Thursday, 14 April 2022

Breaking Bread


And the Word became flesh and moved into the neighbourhood. And the Word brought bread (borrowed from another!) - five loaves, seven loaves, distributed to thousands, never running out. And the Word brought bread, himself the bread, promising that hunger would be no more and that however much bread you ate you wouldn't need to worry about being thirsty from the clartyness of the bread (or something like that) because the bread the Word is, it's the bread of life. 

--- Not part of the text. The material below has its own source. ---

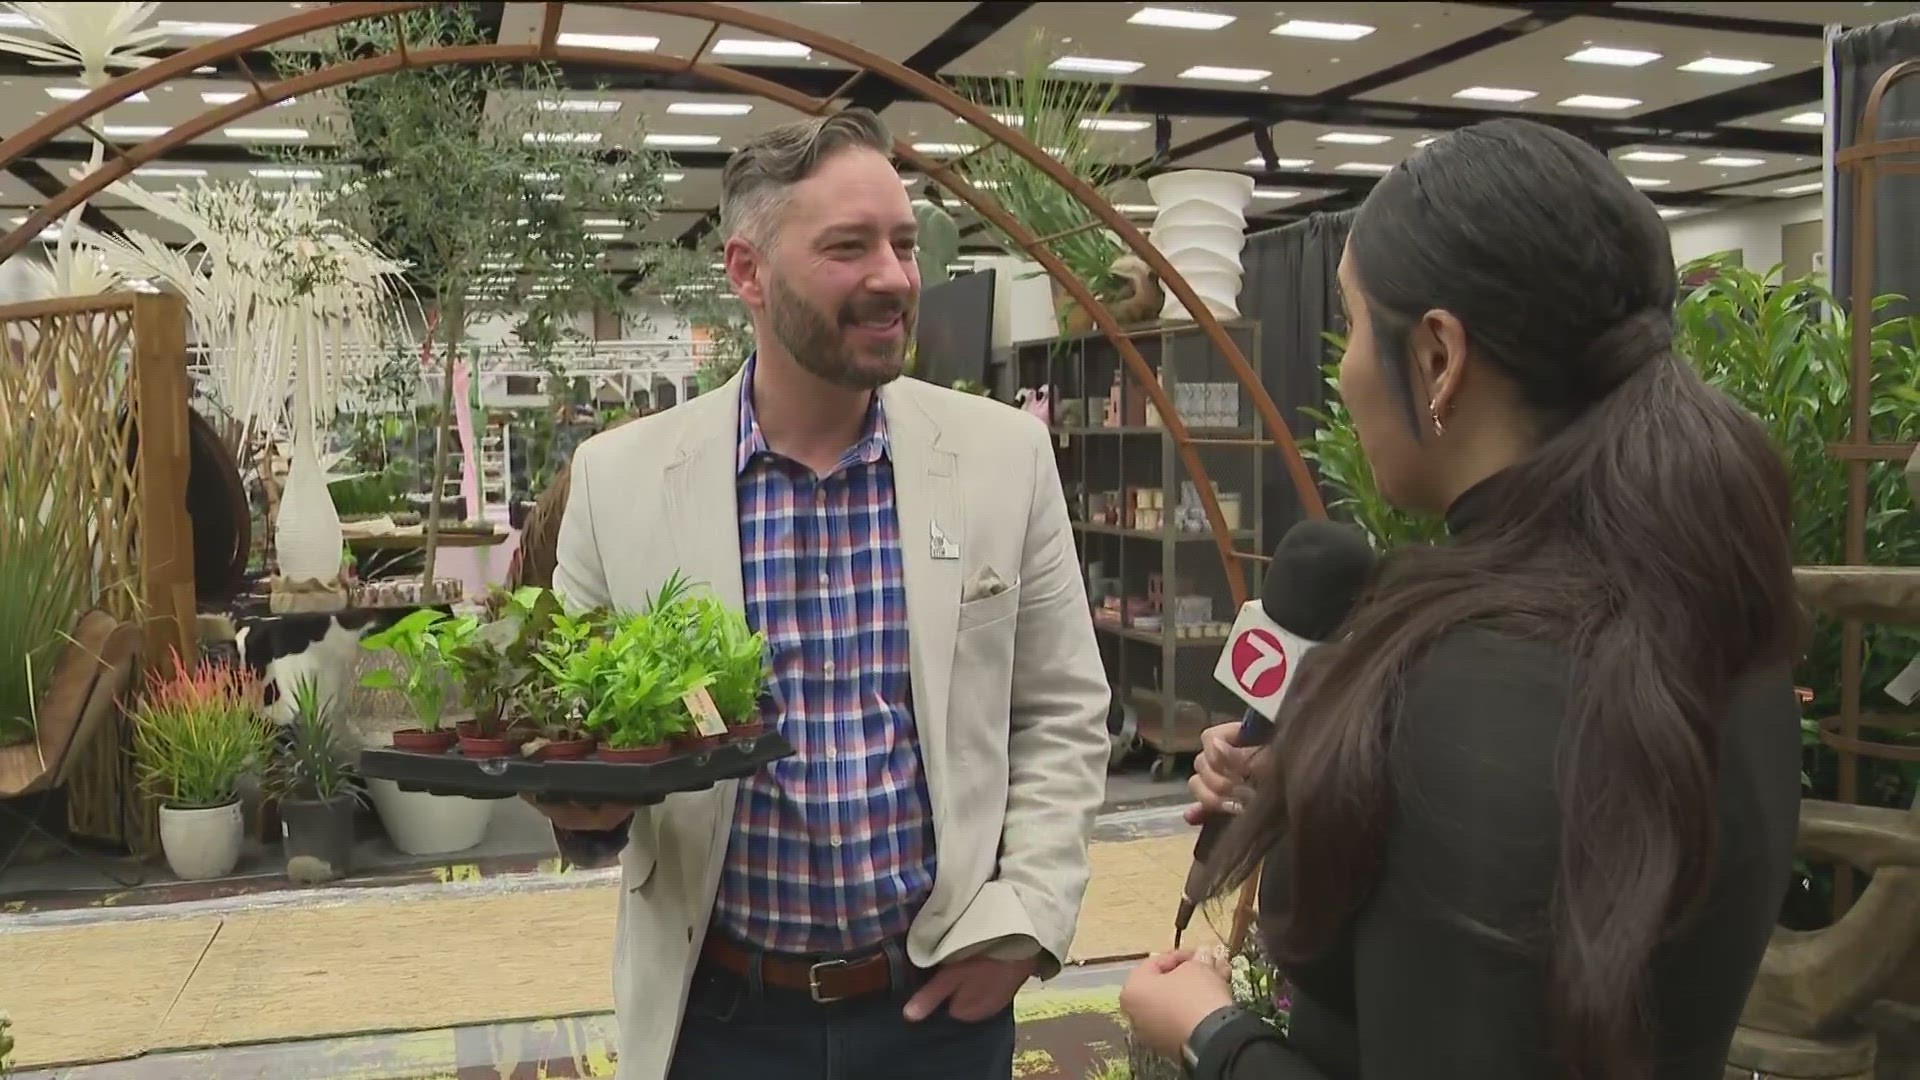 The 26th annual Boise Flower and Garden Show kicks off Friday; but ahead of the excitement, Brenda Rodriguez got an inside look at all the setup.

And the Word sat at a table surrounded by his friends and followers, and he took the bread that sat in front of him, and he broke it, saying 'this is my body broken for you', and after supper he took the cup - the wine in the cup symbolising the blood that would be shed as the bread of life was broken, not broken to be scattered and signify an ending, but broken, to bring healing and restore all that was broken before. 

When the Word became flesh and moved into the neighbourhood, he dwelled amongst people who were struggling to find light. He dwelled in the places where hunger was evident and needs were unmet. He dwelled in a world that needed far more than it received, and in his dwelling, he was able to show and bring life. 

As we're called to gather at the table to share a meal, as we break bread and wine as part of that meal, we find the presence of the Word amongst us. We find in the stories that we tell and the life that we share, that the bread of life is amongst us - he dwells, he feeds, he satisfies, he brings life. 

On Maundy Thursday this story becomes so poignantly our story as we gather in community and share food. Every time we gather as equals, not just on this day, but as companions around the table, this story, we hold onto as ours. The story of Maundy Thursday calls us to a community where brokenness is evident but the smell and sounds of restoration are in the air. Each person at the table brings their own story - from the one who is doubting, to the one who is lost, to the one who is ready to sell everything for the shine of silver coins, to the one who will deny any of it ever happened, to the one who kneels on the floor and washes the feet. 

This Maundy Thursday story belongs to all those who rarely find a place at the table (and those who are often there too), for the table where the Bread of Life dwells has room for all who choose to make the story their own. It is a place where the homeless find a home, where the hungry are satisfied, where the unloved find abundant love, where the lonely are welcomed into community and where the broken scattered pieces of the shattered parts of life find a place to be brought together and made more beautiful than they ever have been before. It is a place where the story of how life in all its fulness is made possible is laid down in the symbols of the broken bread and wine and it reminds us that however lonely we feel we have a place to belong. 

In this dwelling at the table, this room in the neighbourhood, where the Bread of Life both presides and kneels before us, we hear a call to bring something of what he brings. In uniting our own stories with this story at the table we hear a call be a community that commits to gathering around a table that offers the welcome that the Maundy Thursday table brings. In our offering we are called to serve; in our blessings we are called to give; in our wholeness we are called to break; in the darkness, we are called to bring light; in our neighbourhood, we are called to dwell.